Church agencies have expressed their disappointment at today's Budget, which they say will hurt the most vulnerable people in the UK and overseas. Helen O'Brien, Chief Executive of Caritas Social Action Network (CSAN) which represents 41 Catholic charities in England and Wales, said: "whilst the increased funds Church agencies for children's mental health services and support for small charities through Gift Aid regulations are welcome, significant further cuts for welfare and public spending in this year's Budget Statement will fail to stop the squeeze on the most vulnerable.

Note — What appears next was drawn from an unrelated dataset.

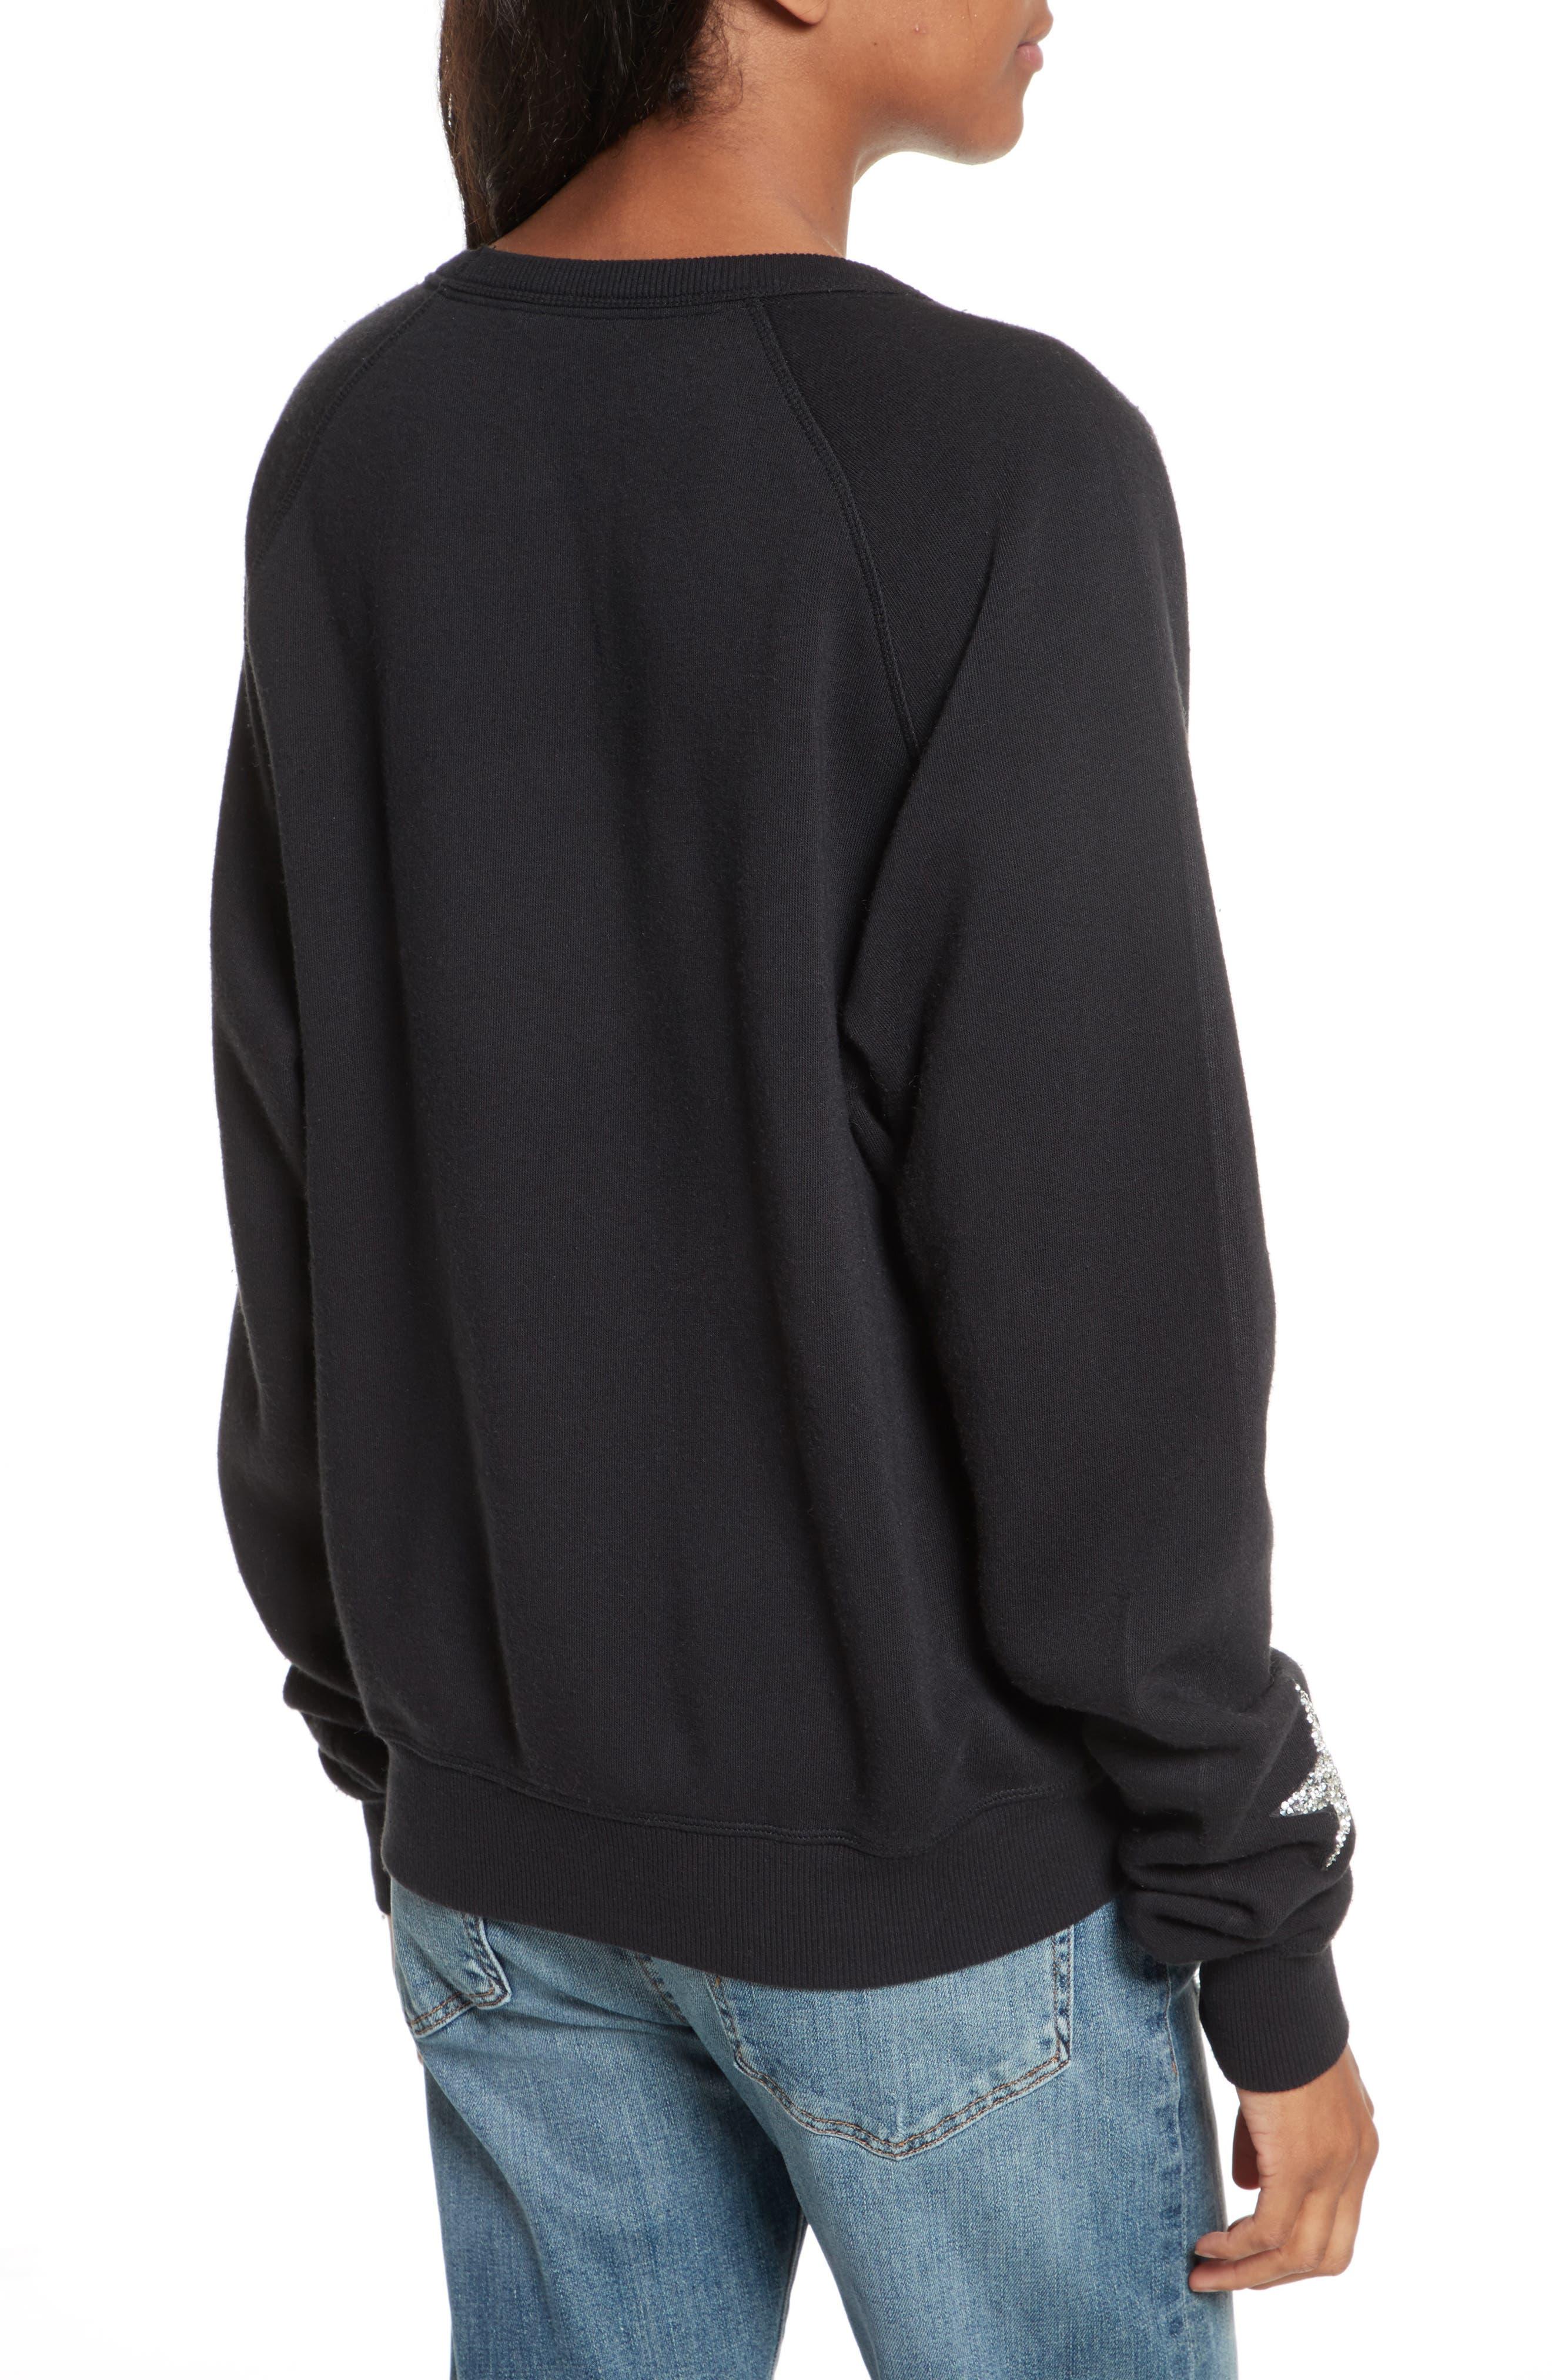 Graham Embellished Sweatshirt,                             Alternate thumbnail 2, color,                             001

"If you look beyond the headlines, recent tax and welfare changes - changes CSAN has questioned for some time - have hit the poorest households hard. For the CSAN member charities working on the ground, the impact of these changes on the people they support has been very real and very damaging. We hoped this Budget would be focussed on helping the poorest people who have found it increasingly difficult to make ends meet."

Christian Aid said it sees little in the UK Chancellor's Budget Speech, or the European Commission's new plan on tax transparency, to make a difference to the tax dodging which drains billions from developing countries every year. The Chancellor has announced a string of measures on tax avoidance and evasion but Christian Aid believes that to really close the net on big companies avoiding their fair share of tax, the UK should introduce a comprehensive Tax Dodging Bill.

"We are pleased to see politicians trying to tackle rampant tax dodging," said Joseph Stead, Christian Aid's Senior Economic Justice Adviser. "However, at all the points at which both UK and EU could have decided to help developing countries, they flunked it. In relation to tax dodging, the UK and EU appear to believe that we are not all in it together - developing countries are on their own."

On the Government's plans to introduce country-by-country reporting requirements for multinational companies, firms should have publicly to report the information. Failure to do this means few developing countries will benefit from the information being given to the UK's tax authority.

"Keeping this crucial information hidden from public eyes means that developing countries are never going to get the information they need to tackle tax dodging," warned Mr Stead. However, Christian Aid is hopeful that further UK Government plans, to introduce a new criminal offence of helping others to evade tax, could make a difference for people living in poverty in developing countries.

"We urge the Government to consider how to make such a new law work for the world's poorest people, who also suffer grave harm at the hands of tax evaders and their professional advisers," added Mr Stead.

"The new offence could easily be made to apply wherever in the world the crime happens, in the same way as the UK Bribery Act already does." Commenting on the European Commission's new plans for greater tax transparency in Europe, he added: "For the sake of developing countries and the trust of taxpayers all over Europe, the EU needs to improve its tax transparency. "Today's announcement is only tiptoeing in the right direction. With the President of the Commission narrowly avoiding censure for overseeing decades of dodgy tax deals, Europe needs to do a lot more in the coming year to show it is serious about tax transparency."